WORK ORDER =
Produce a word-for-word copy of the listing below without its pictures.

INFORMATION SUPPLIED =
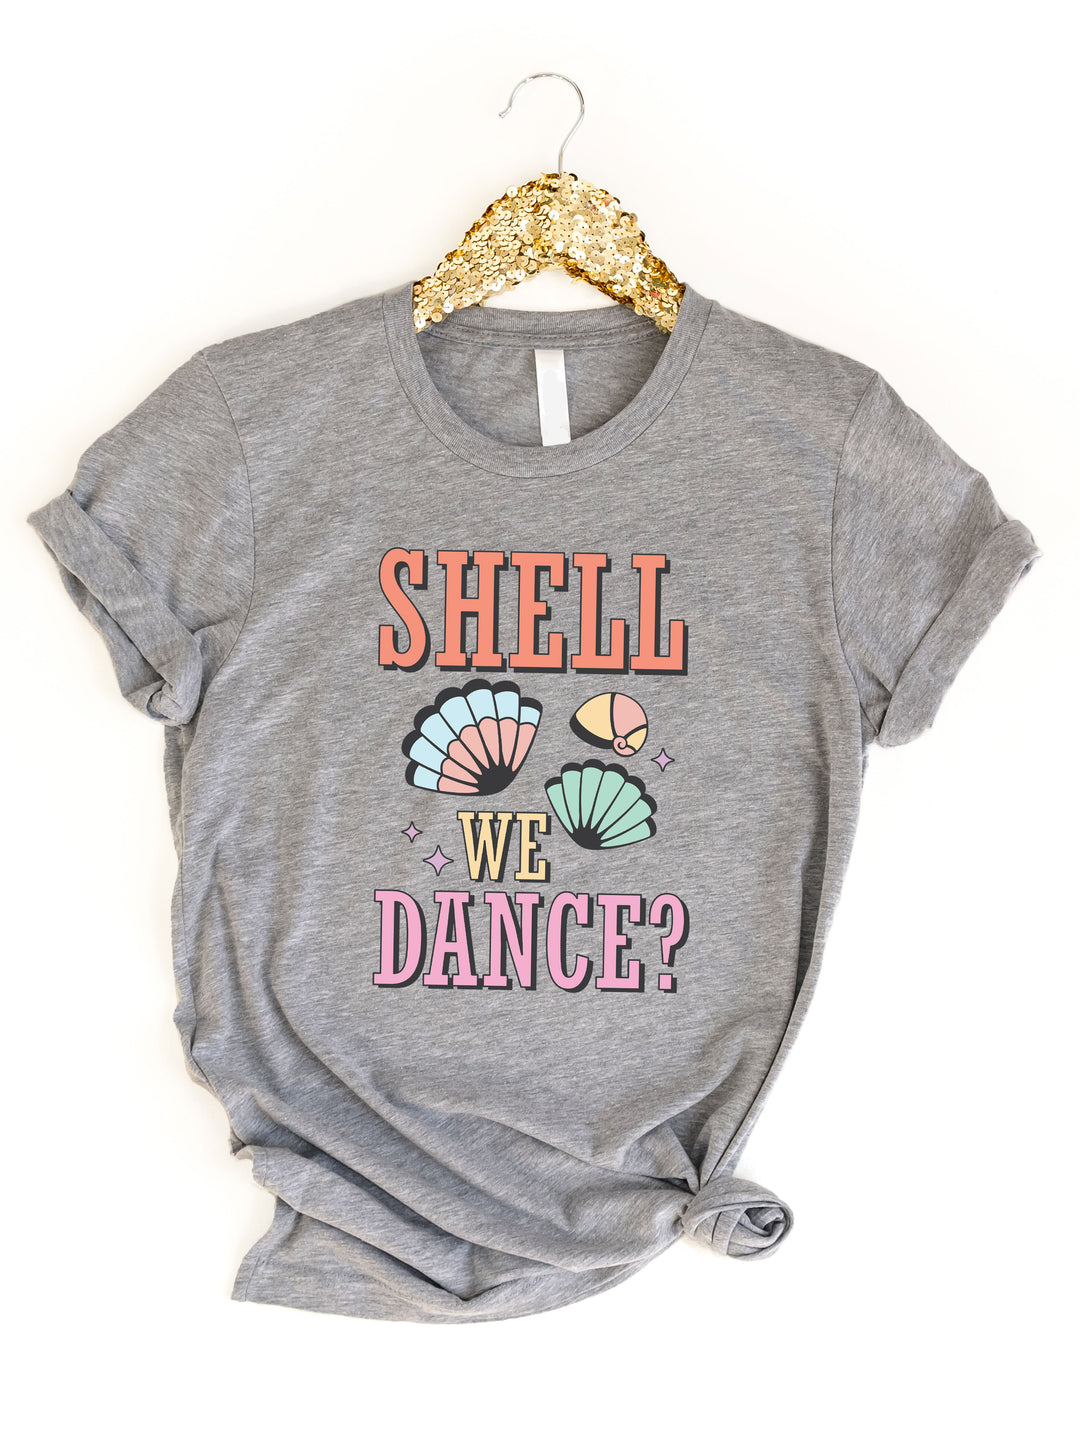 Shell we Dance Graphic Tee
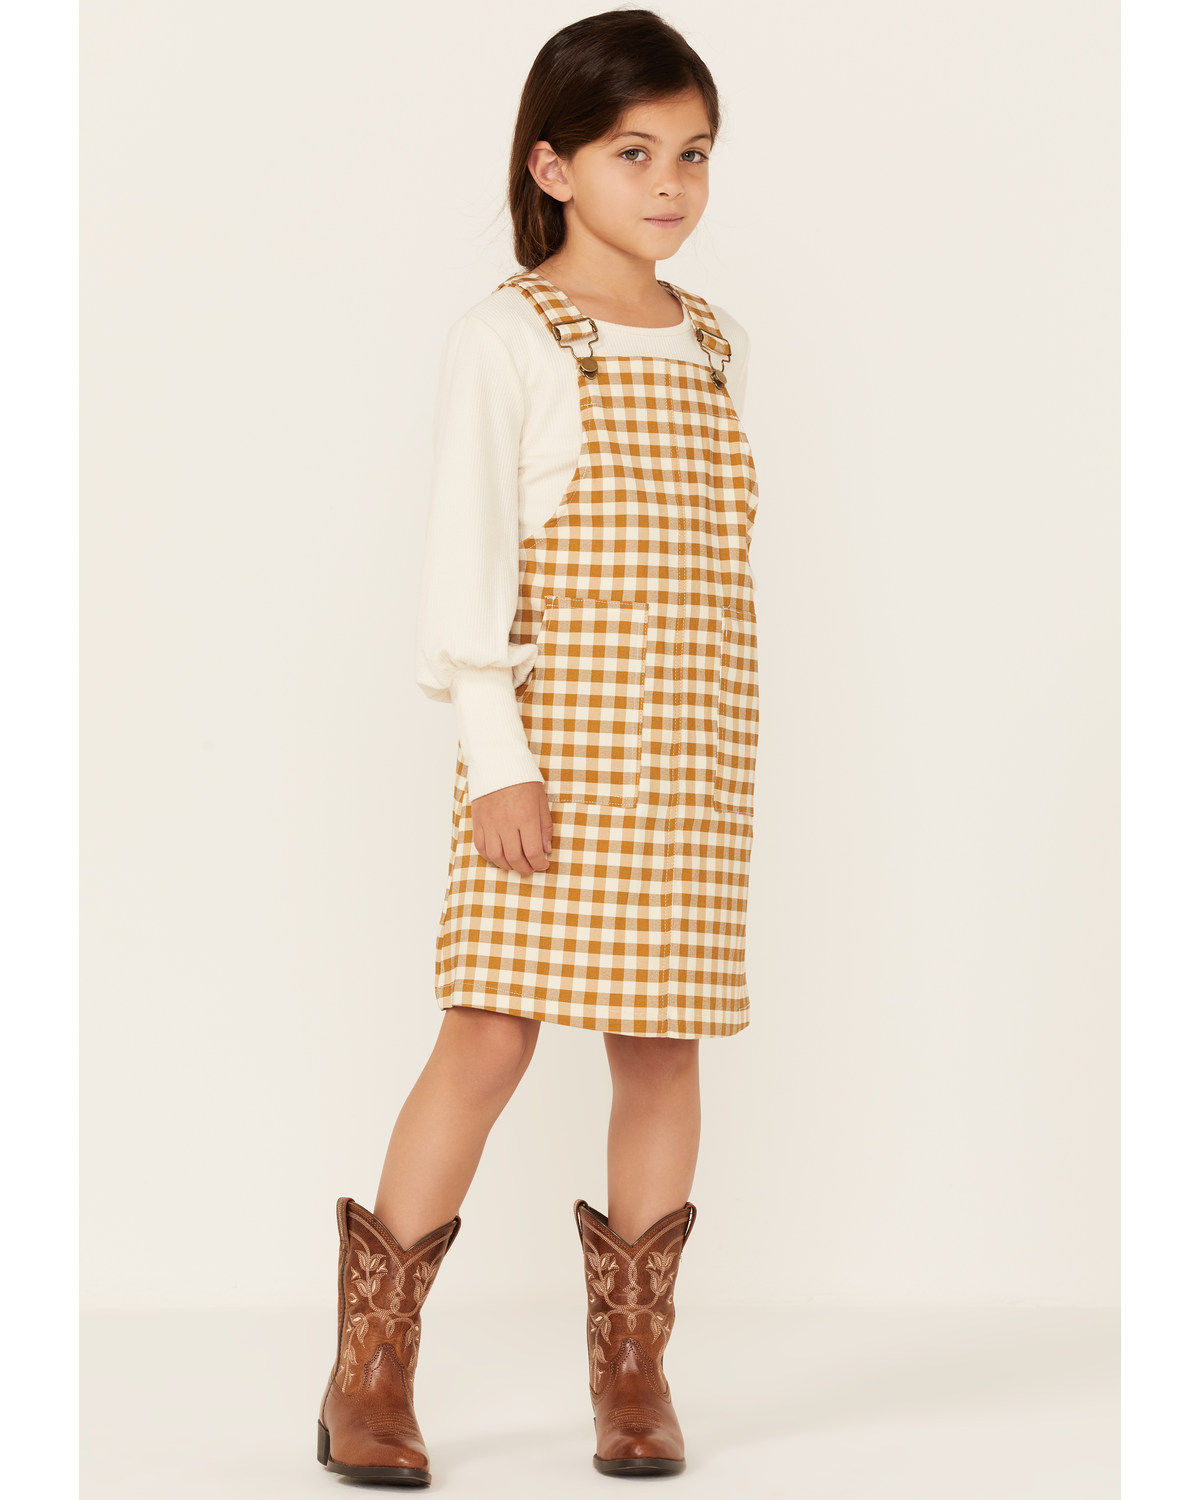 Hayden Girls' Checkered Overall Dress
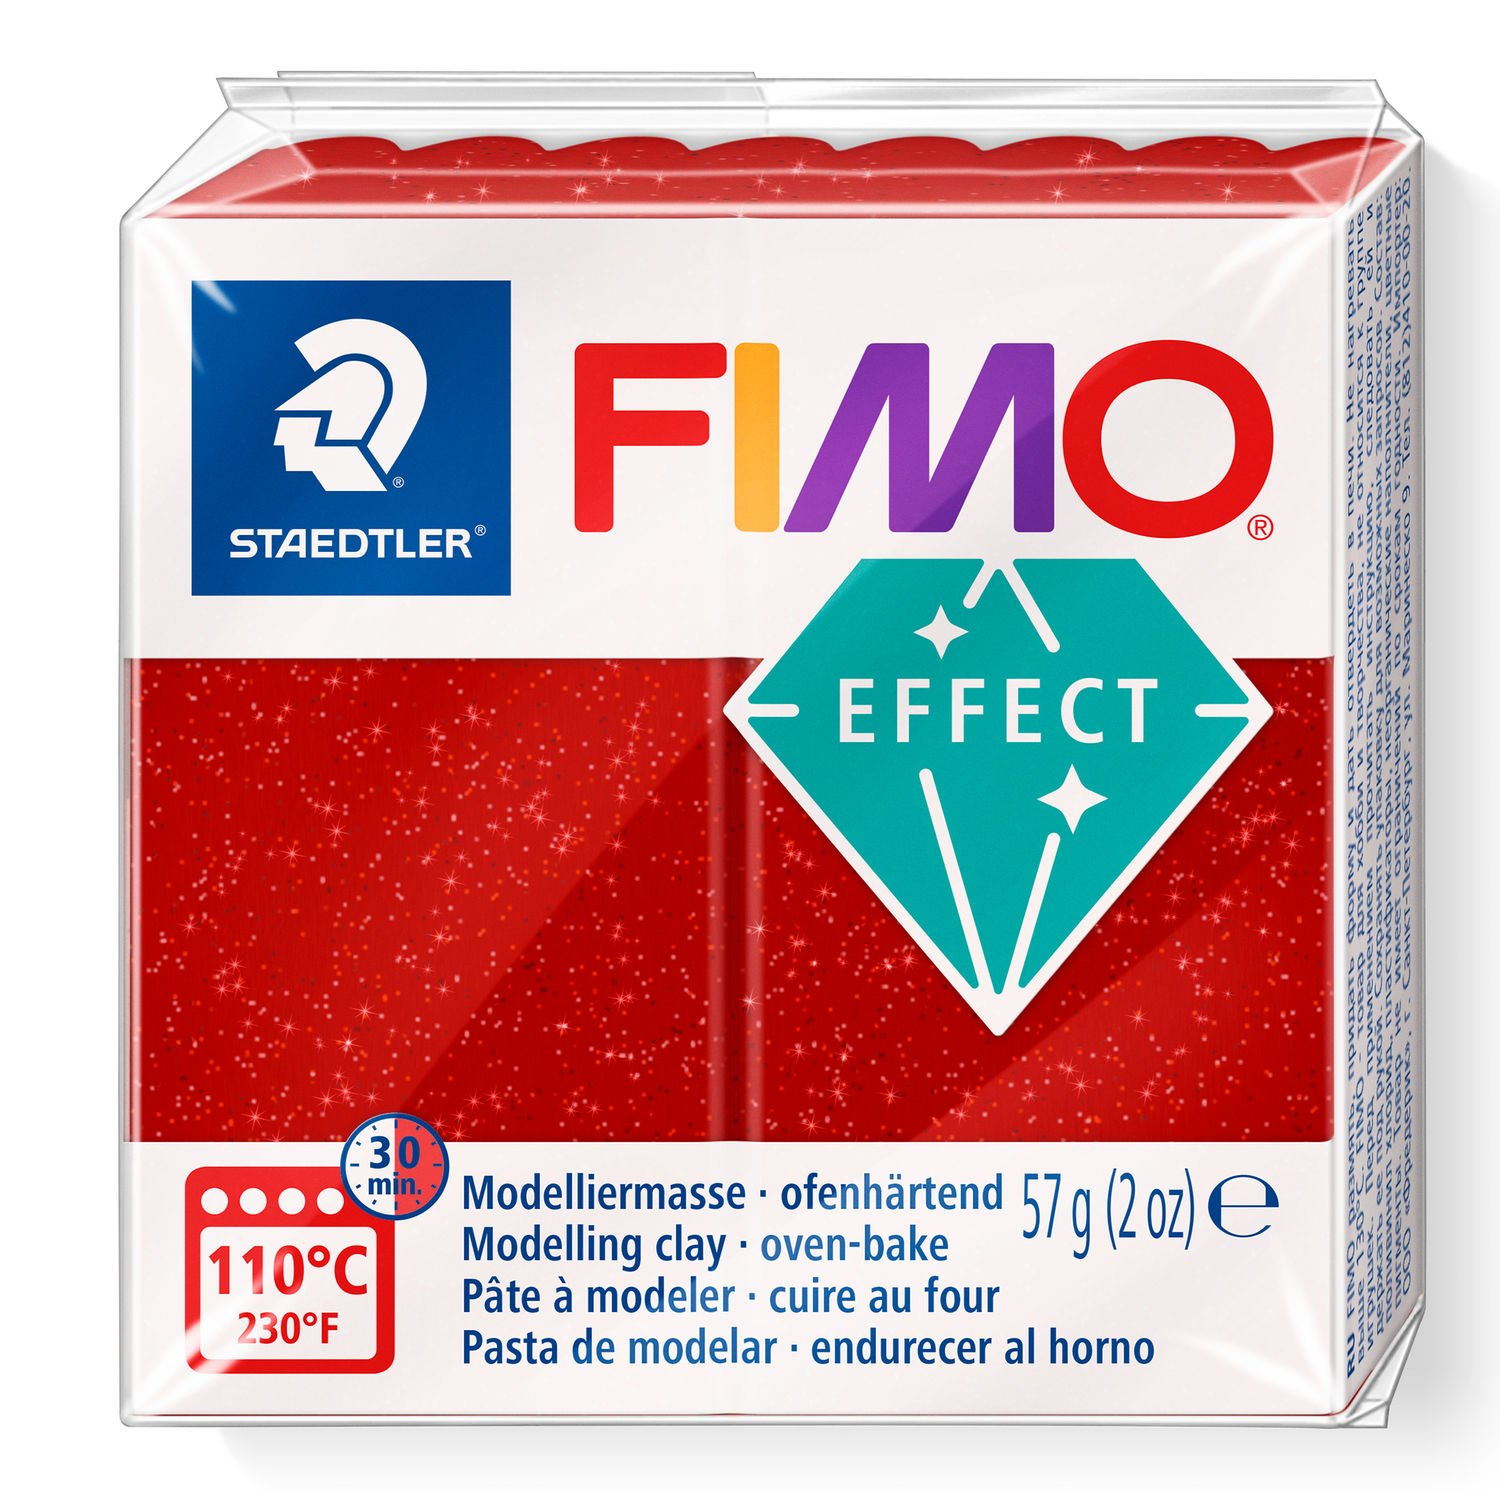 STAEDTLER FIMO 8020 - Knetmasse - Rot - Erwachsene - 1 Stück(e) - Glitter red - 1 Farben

ANSWER FOR THIS EXERCISE =
 Shell we Dance Graphic Tee
 Hayden Girls' Checkered Overall Dress
 STAEDTLER FIMO 8020 - Knetmasse - Rot - Erwachsene - 1 Stück(e) - Glitter red - 1 Farben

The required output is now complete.